How was it possible to do this impossible:
- Great crew – they knew what to do at what time
- Strict instructions – Rick asked me keep 5 feet from the kayak, the kayak will stick to the course, if I am away or close, I am off the course. And every 30 minutes swim back to kayak, drink and eat. I never swam a 10km distance, but it looked so easy at the end. Wow was the crew.
- Experience – My crew had done these races themselves and knew every bit of it. Day 2 I got severe gas around 140 mile followed by diarrhea till the start of the run on day 3, my crew changed my nutrition plan and made me reach the finish line. No where I was to worry about direction, nutrition or anything, they were there every time at every place I needed them. Great Great Great – How cool they made this race.
- No questions asked – hydration, nutrition, and solid food at specific intervals. Discipline is what keeps you away from cramps, and I had none during these extreme 3 days.
- On day3 Manmadh made the run so easy, he himself ran around 29miles step by step, keeping me company. That is a long run for a crew member. Rick kept the food, nutrition, hydration on time, and Mann kept the pace. Unbelievable I did a 52 mile [82 KM] run without any pain or cramps.
- Being Spiritual
- Chanting – long breath and god and war cry – Breatheeee — Jai Mata Di – Breetheeee – Jai Jagannnath —- Breetheee – O YA YA. That takes you to a different zone, and makes impossible possible.

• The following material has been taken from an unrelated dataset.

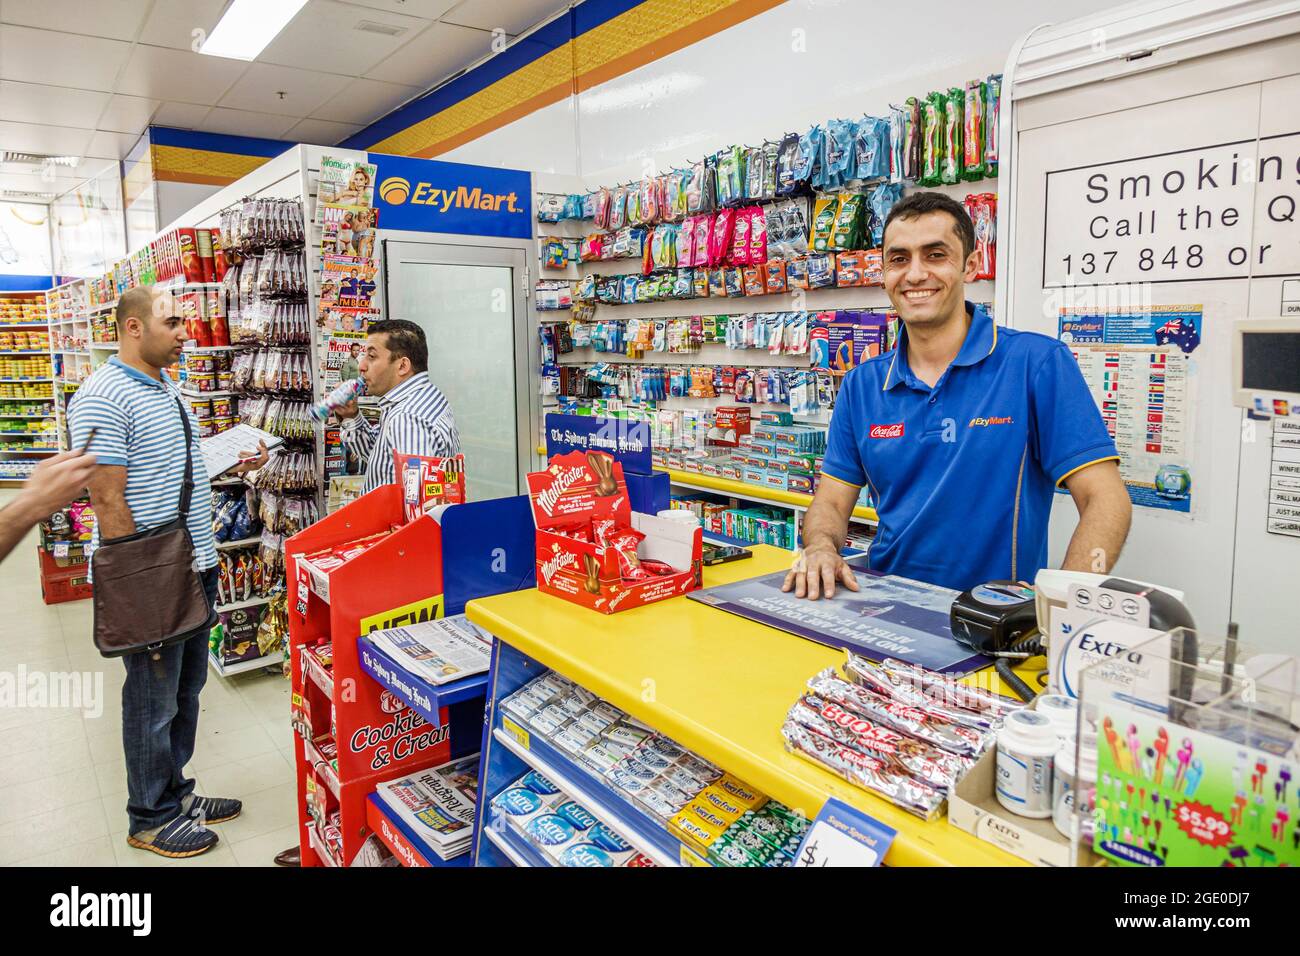 Ezymart Convenience Store Interior Inside Hi Res Stock Photography And
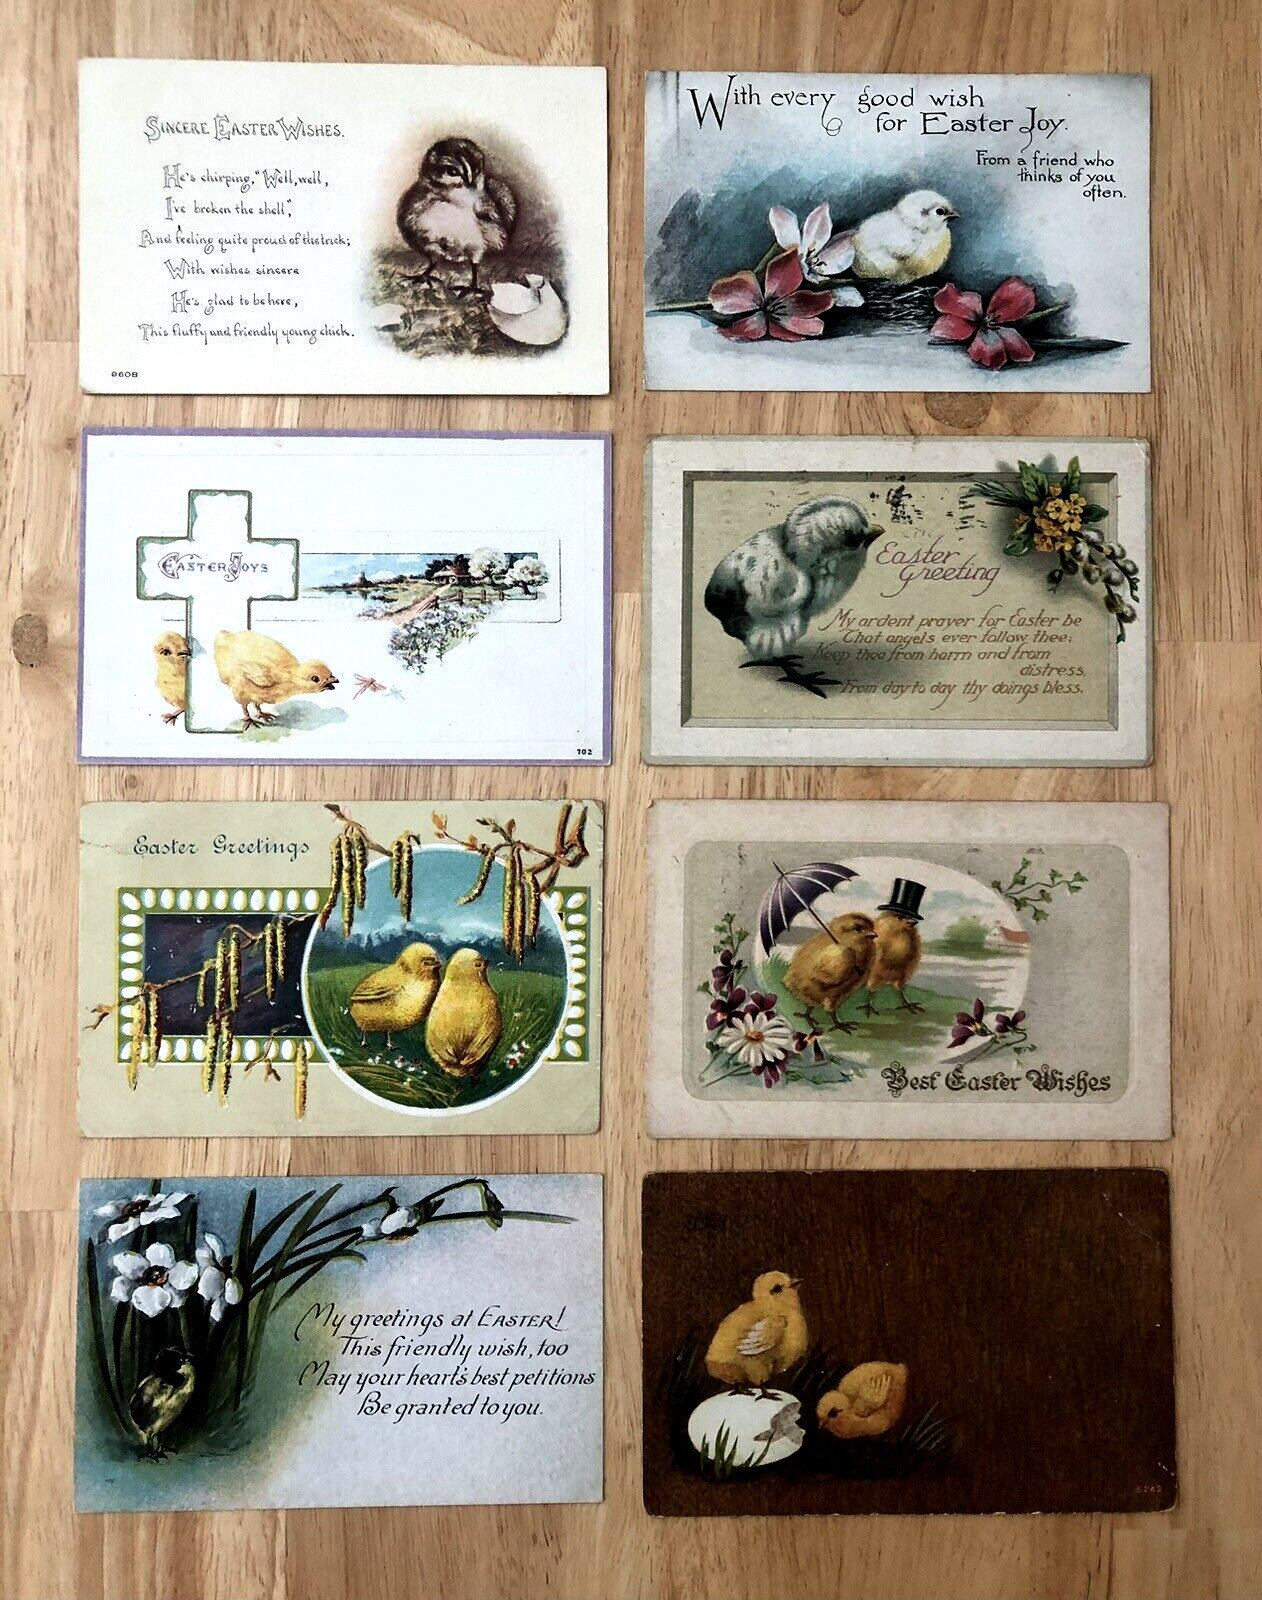 ANTIQUE EARLY 1900s LOT OF 8 EASTER CHICK POSTCARDS - 3 WITH 1 CENT STAMPS

- I even prayed to my bike – “Maa Durga Keep me safe”. I had 2 big collar bone operations riding this bike and I wanted no accident.
- I had my team back in India do a prayer at our factory goddess – Maa Jhadeswari, especially after day 2 health conditions. The prayers worked, it rained at the perfect times where I was so heated up and dehydrated, and kept me running.
- Mountaineering
- I was at 24000ft, that’s a lot of red blood cells to help in ultra races.
- Hypoxi low oxygen training made me train 3 times faster.
- Although I did not train for Ultraman, the mountaineering training and the long hours of hiking in a low oxygen zone with a heavy backpack make you strong for any extreme conditions.
- Army background [ Alumni – National Defence Academy India – Hunter Squandern]
- Never give up
- Do or die
- Talk to mind
- Find that inner strength
- All these principles played a big role in completing the race. In the end it is more of a 50% mindgame to finish such extreme races.
- My Dad – Suresh Routray
- Madichala – keep going no matter what – it is his famous principles which are imbibed in me which consist of 4 things:
- Fearless – I went and swam in that same lake alone and got my fear out.
- Honest – It give that extra strength, “I don’t care I am truthful”
- Hard Work – No matter where you work hard, it helps in extreme conditions.
- Perseverance – Continue trying even though it is difficult, and the Ultraman is a perfect example for it.
- Madichala – keep going no matter what – it is his famous principles which are imbibed in me which consist of 4 things:
- Enjoy Smile Be Happy
- Someone asked me where is your garmin – I was like – I don’t even we’re a watch – just go have fun, no stress around position on time.
- Keep it simple – food, nutrition, hydration – repeat the same at specific times, till the finish line, no excuses allowed.
- Everytime you meet people or crew members – simple, dance a little, and throw the stress out.
- The Ohana Family – The Organizers
- It is a way different feeling than running an Ironman.
- It is like a big family for 6 days, you laugh together, you suffer together.
- It is like you are trying to finish and there are 20 people helping you do so, not just your own crew, but every other crew member who meets you on the way.
Loved it, thank you everyone who made me do this impossible task.